QotW: How should Mazda celebrate its 100 birthday?

It’s not every day that a car company reaches 100 years of age. Of the Japanese companies still making cars today, only Daihatsu, Isuzu, Mitsubishi, and now Mazda have made it this far. It’s a momentous occasion that literally happens only once in a lifetime, if that, and deserves a celebration worthy of the moment.

How should Mazda celebrate its 100th birthday?

The most entertaining comment by next Monday will receive a prize. Scroll down to see the winner of last week’s QotW, “What’s the worst JNC decision you’ve ever made?

It definitely seemed that most of the decisions on your worst decisions lists related to the selling of a JNC. Let that be a lesson. Never sell! Especially when buying the cars again appear to be ever more expensive propositions. Whether it ColbatFire‘s S30 Z, Lee L‘s Z31, Jan van Kleef‘s Suzuki Jimny, charlie‘s RA25 Celica, bert‘s AW11 MR2, eric‘s ’72 Corolla, or Jared‘s KE26 wagon. It was a litany of regretful sales. But at least they got to own those cars. A few, like banpei or pete240z, lamented never having bought the car in the first place. The winner, Steve, related a sense of palpable sense of lasting remorse. Hey, you didn’t get a Supra, but maybe these stickers will make up for it!

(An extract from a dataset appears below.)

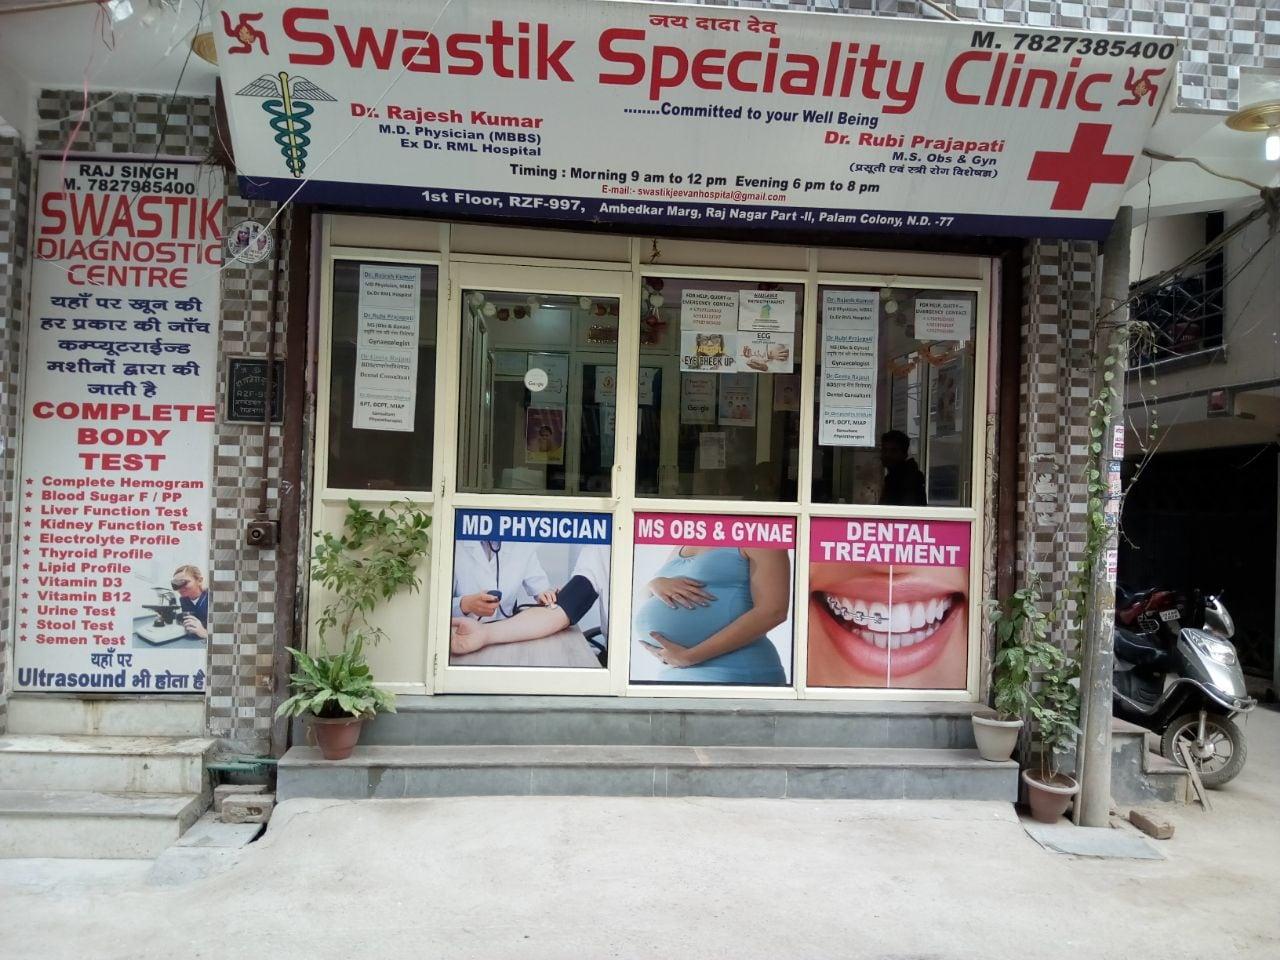 Top 50 Gynecologists in Dwarka Sector 12, Delhi - Best
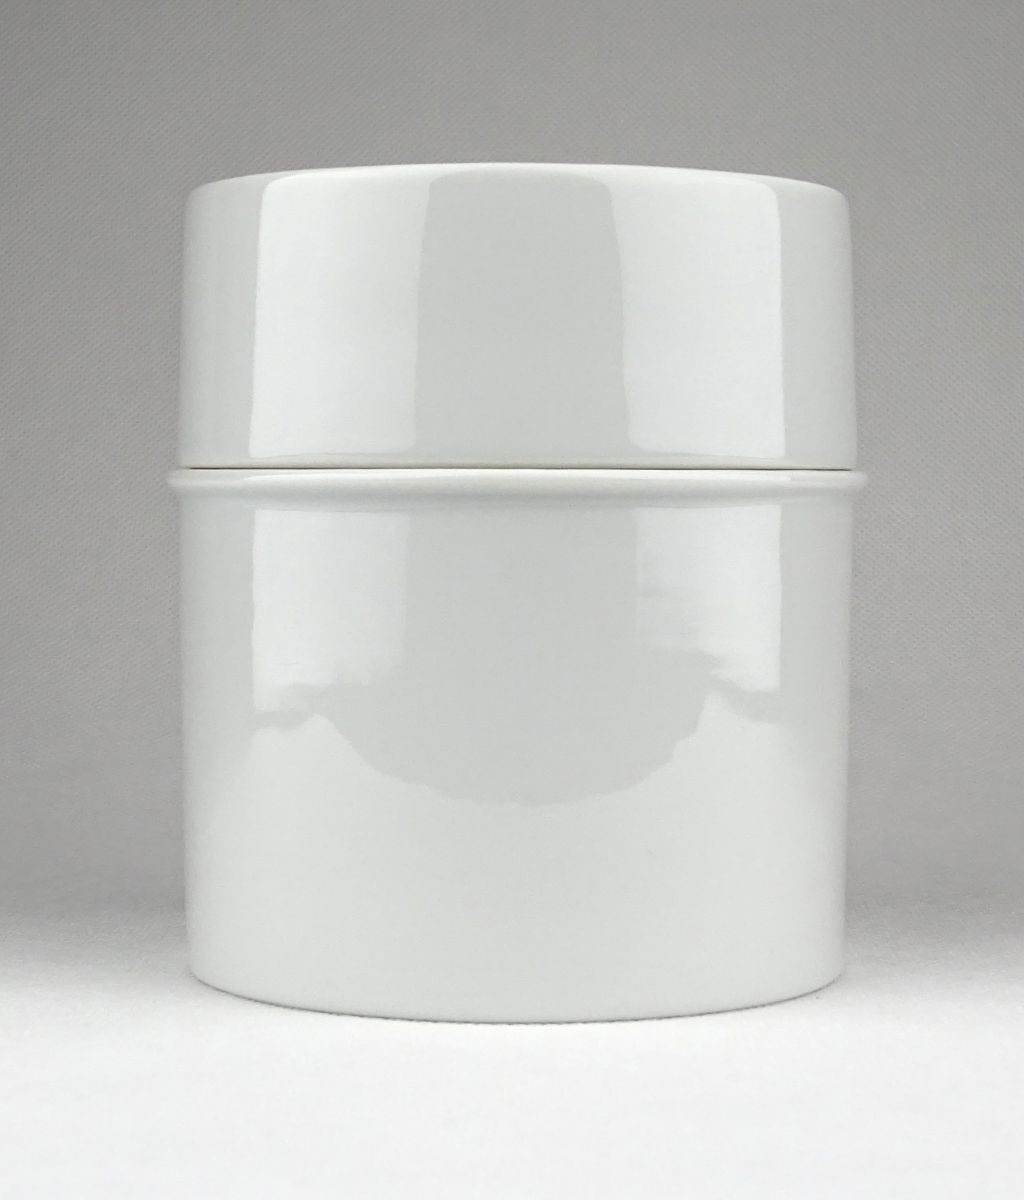 DSC05540.JPG (1024×1200)

Most of the time, the QotW requires a little thought. But this one is a no brainer. It was the worst JNC decision I ever made, and in real time…

In 1999, I was looking to buy a new car when I found a brand new, leftover (’97?) Supra sitting in my local Toyota dealer’s lot. Looked like they had just found it and pulled it out of some deep, back corner of their lot and were prepping it to sell. Looked at the MSRP, which was around $30k, IIRC. Pearl white, black leather, non-turbo, solid roof, and M/T. I should have bought it, then and there.

But I convinced myself I wouldn’t qualify for a loan so, I PASSED ON IT. Stupid, stupid, stupid…

A week later, I received a letter from my credit union that said I was pre-qualified for a $50k auto loan. Rushed to the dealer but, of course, the car was gone. I did buy a 20th Anniversary Miata, a little later, for about $28k. It’s a fun car and all, but I STILL wish I had bought that Supra…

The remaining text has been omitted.